New blood joins this earth

(James is born)
And quickly he's subdued

(He is 'brought under control' by his religious parents)
Through constant pained disgrace
The young boy learns their rules

(He doesn't believe the same as them, but he goes through life as they want him to)

With time the child draws in
This whipping boy done wrong
Deprived of all his thoughts

(All of his own thoughts are being taken away and replaced by the predestined religious opinions and beliefs of his parents)
The young man struggles on and on he's known

(He tries to fight back)
A vow unto his own
That never from this day
His will they'll take away-eay
(He promises himself that he will always have his own free mind)

What I've felt
What I've known
Never shined through in what I've shown

(because of his parents, he could never really do his best)
Never be
Never see
Won't see what might have been

(Now they will never know what he could have become if they had just let him)
What I've felt
What I've known
Never shined through in what I've shown
Never free
Never me
So I dub the(e) unforgiven

(He labels his parents as The Unforgiven, since he will never be able to forgive them for how they brainwashed him and took away his dreams, and killed his mother.

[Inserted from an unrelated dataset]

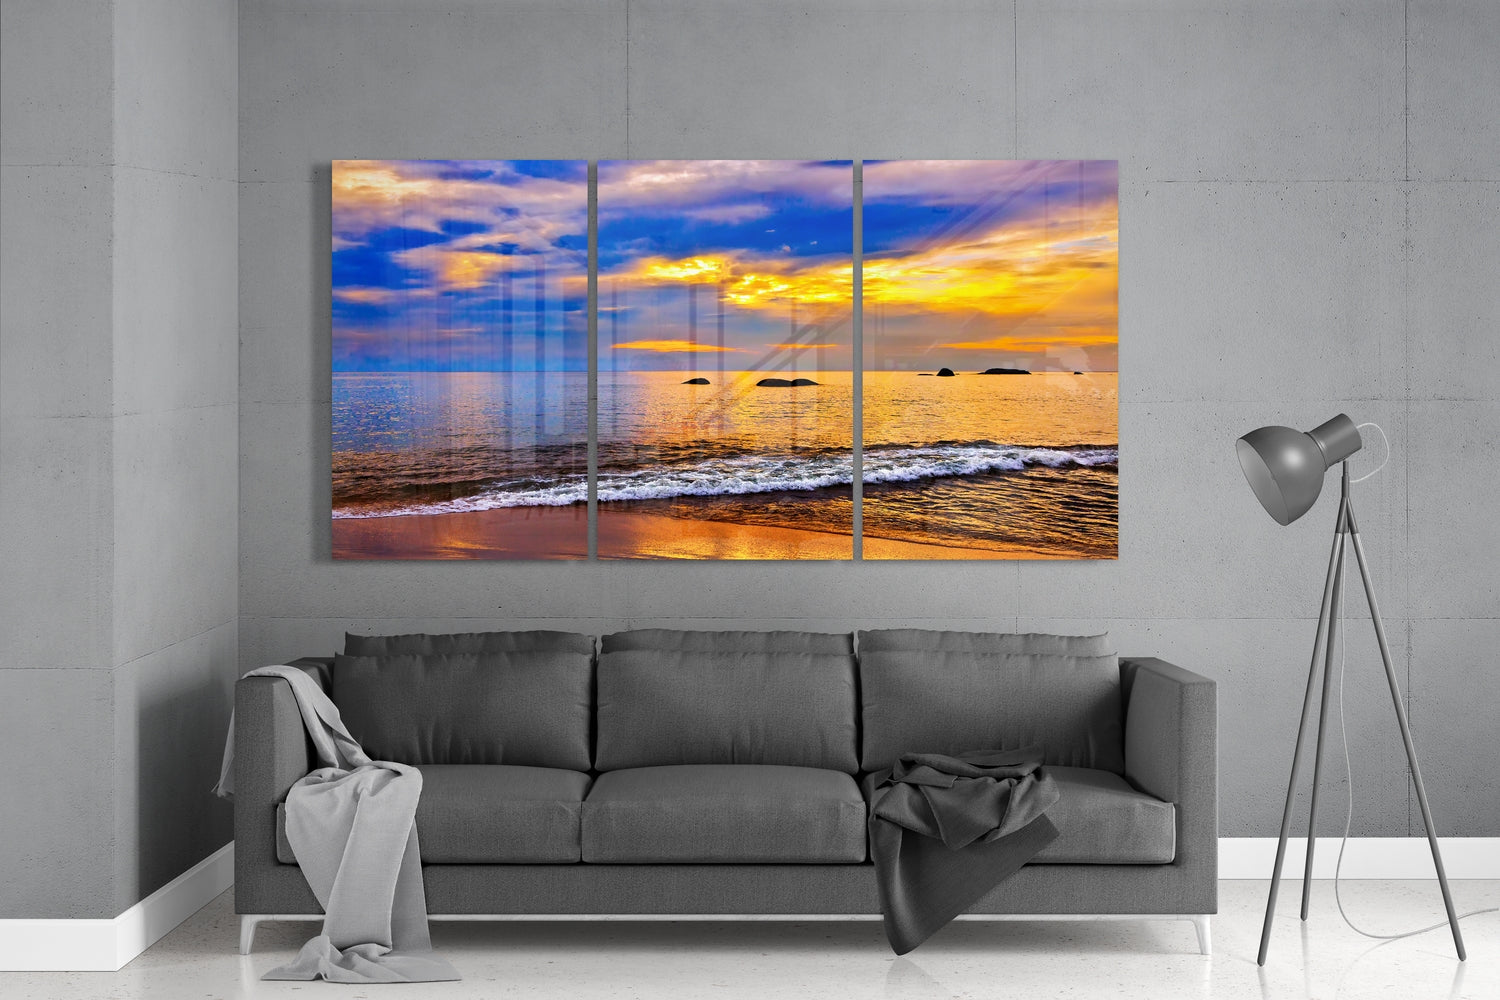 Sunset on the Beach Glass Wall Art – Insigne Art Design

Therfore he dubs THEE[as in you, he is talking to his parents] THE unforgiven. It is a word pun, just like in The Unforgiven II)

They dedicate their lives
To running all of his

(All they care about is that he turns out they way they want him to)
He tries to please them all

(He loves his parents, so he tries to meet them in the middle)
This bitter man he is
Throughout his life the same
He's battled constantly

(He has tried to fight them back or reach an agreement)
This fight he cannot win

(But there is no way he can change their minds)
A tired man they see no longer cares

(He stops trying)
The old man then prepares
To die regretfully
That old man here is me

(He gives up and just awaits to end his worthless life)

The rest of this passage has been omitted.